Artigos de Jornal
Mortes no trânsito
Um dos efeitos mais trágicos do rodoviarísmo ainda vigente no país são as
mortes em carros, motos e atropelos em nossas cidades e estradas. As projeções
para este ano são de 48.349 mortes. Em números absolutos ocupamos o quarto lugar
nas estatísticas mundiais, só abaixo de países muito mais populosos, como a
China e a Índia ou sem infraestrutura, como a Nigéria. Esse número vergonhoso
resulta da ausência completa de políticas de transporte público e desmonte dos
sistemas ferroviário e da cabotagem no último meio século.
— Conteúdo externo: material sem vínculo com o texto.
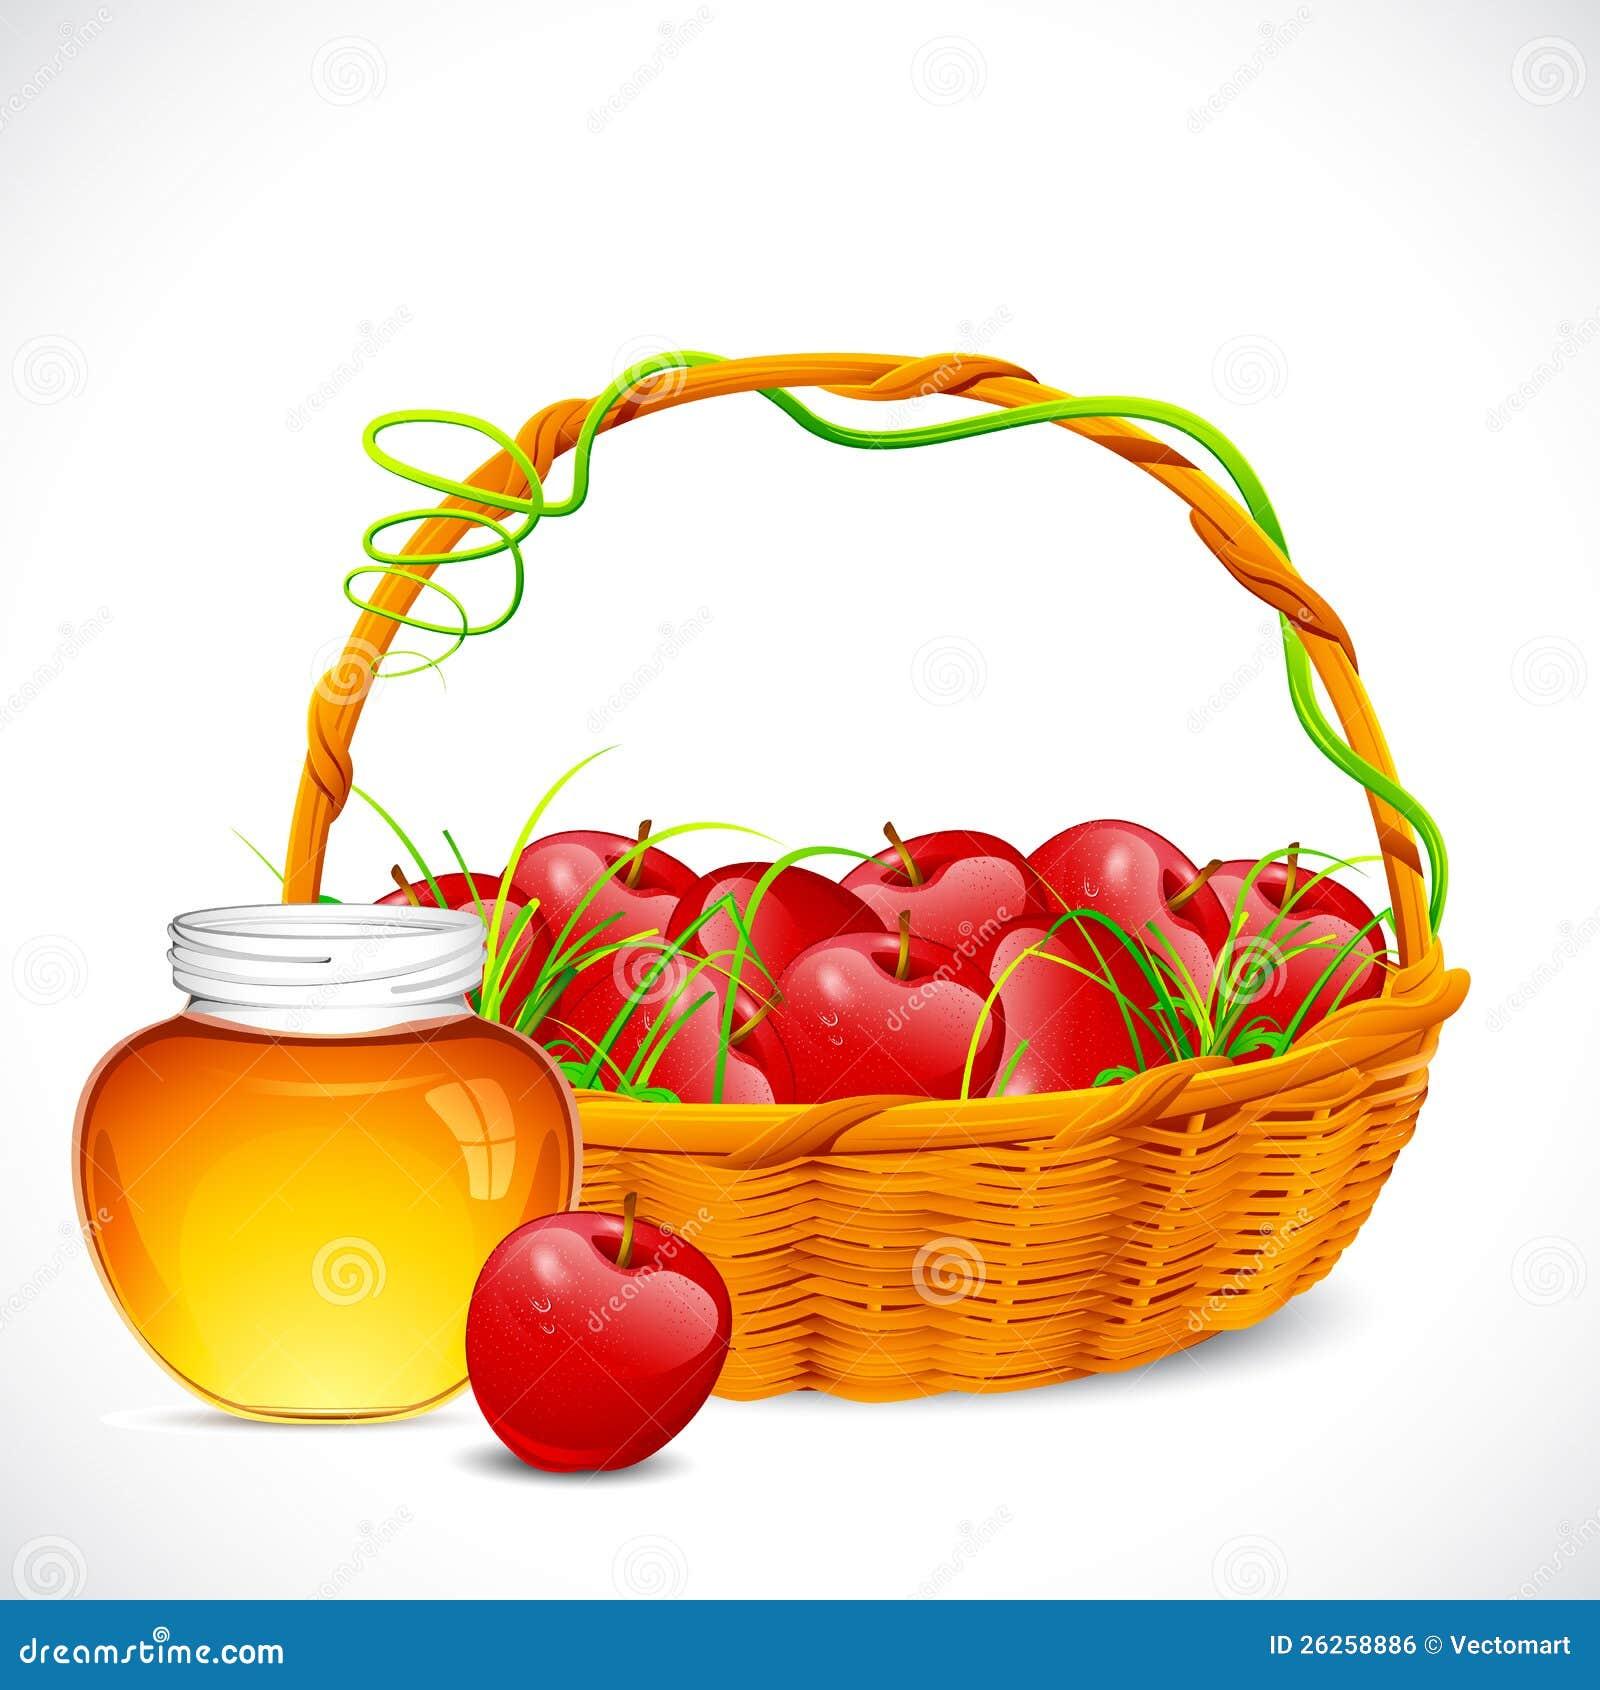 Honey Pot Images Stock Photos amp Vectors  Shutterstock

Assustadora são as taxas de acidentes e mortes em motos, cuja frota cresce mais
que a de carros devido aos engarrafamentos e facilidade de aquisição. Não temos
estatísticas confiáveis de mutilados no transito, mas este é um dos aspectos
mais graves dessa política que privilegia a produção, financiamento, combustível
e infraestrutura para o veículo individual e nada para os modais públicos e a
bicicleta.
Estive em Moçambique em missão da UNESCO, pouco depois da independência. Por
toda parte havia mutilados, e continuavam a chegar novos, pois ninguém cadastrou
onde pôs as minas-de-pé. Pude então entender a lógica perversa dessa arma que
não é feita para matar senão para aleijar, pois um mutilado desmobiliza três
soldados: o ferido e dois colegas que vão carregar a maca e lhe dar socorro. Na
guerra do transito, um mutilado significa não apenas uma baixa senão duas na
cadeia produtiva nacional. Pergunto aos economistas quanto custa à nação este
exército de mutilados e em especial quanto ele onera o sistema previdenciário?
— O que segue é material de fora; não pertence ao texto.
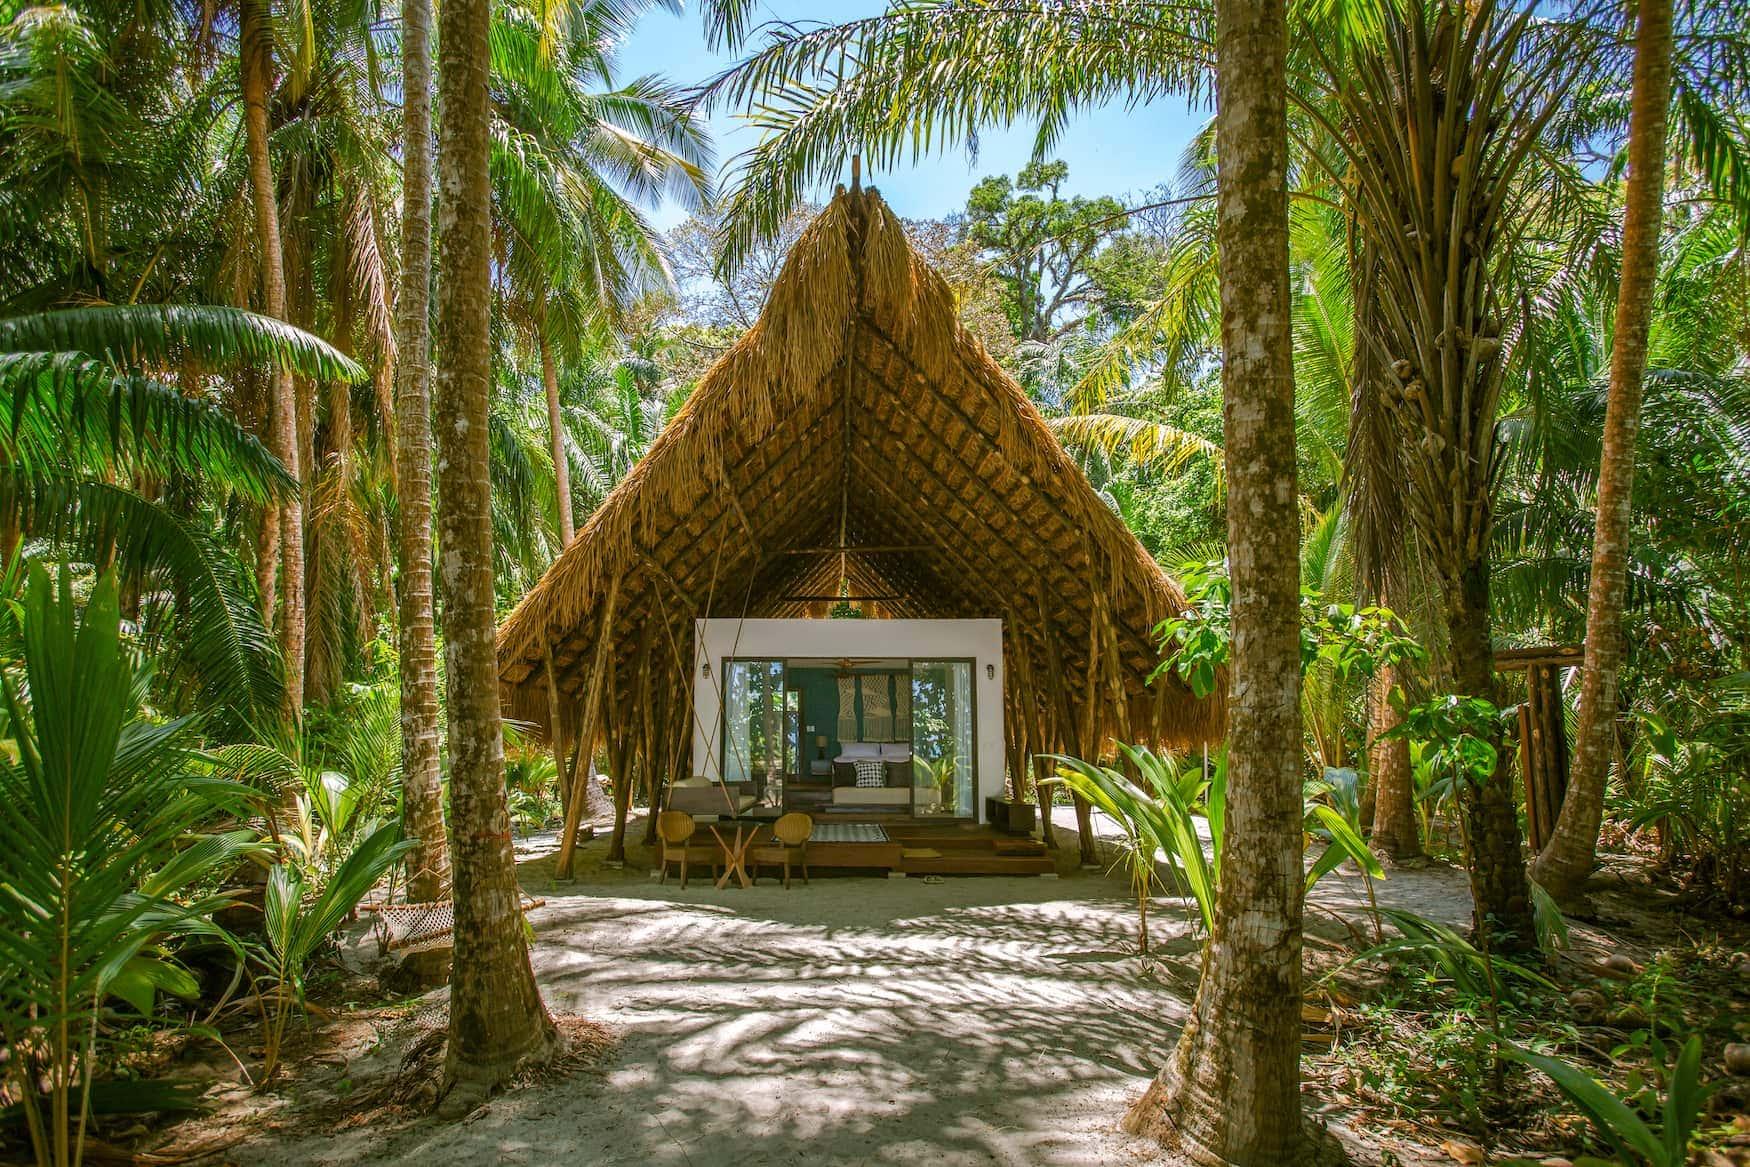 Sztandcasita auf Isla Palenque in Panama

Recentemente foi sancionada a Lei 12.971 aumentando em até dez vezes as multas
por infrações no transito. Mas a eficiência de uma lei não é função do valor das
multas, senão de sua fiscalização. O estado deve compreender que muitas dessas
infrações e mortes se devem aos buracos de nossas vias e à falta de sinalização,
guard rails, acostamentos, fiscalização e educação para o transito. As nossas
escolas de motoristas são moldadas em função de um exame de habilitação
obsoleto, que pergunta sobre sinais, primeiros socorros e faz a temível prova da
baliza. Este último item não traz segurança a motoristas nem pedestres, senão ao
carro do vizinho. Os novos carros fazem isto automaticamente.
A exigência recente dessas escolas instalarem simuladores foi regulamentada de
forma equivocada, como uma previa ao início do aprendizado e não como o termino,
simulando a direção em auto-estradas, o controle do carro em derrapagem, a
direção sob chuva e à noite. Os recém habilitados ignoram a eficiente
sinalização dos caminhoneiros e que eles não podem desacelerar em descidas ou
subidas para dar passagem a um automóvel em contramão. Que com o motor desligado
o freio de um carro não funciona e nesse caso é preciso usar o freio motor e de
estacionamento adequadamente. Sem dessa instrução muitos se lançam nas estradas
fazendo barbaridades, morrendo e matando. “País desenvolvido não é aquele que os
pobres andam de carro, é aquele que os ricos andam de transporte público”, como
diz Peñalosa, ex-prefeito de Bogotá, que com Medelín deviam ser exemplos da boa
mobilidade e segurança urbana para nós.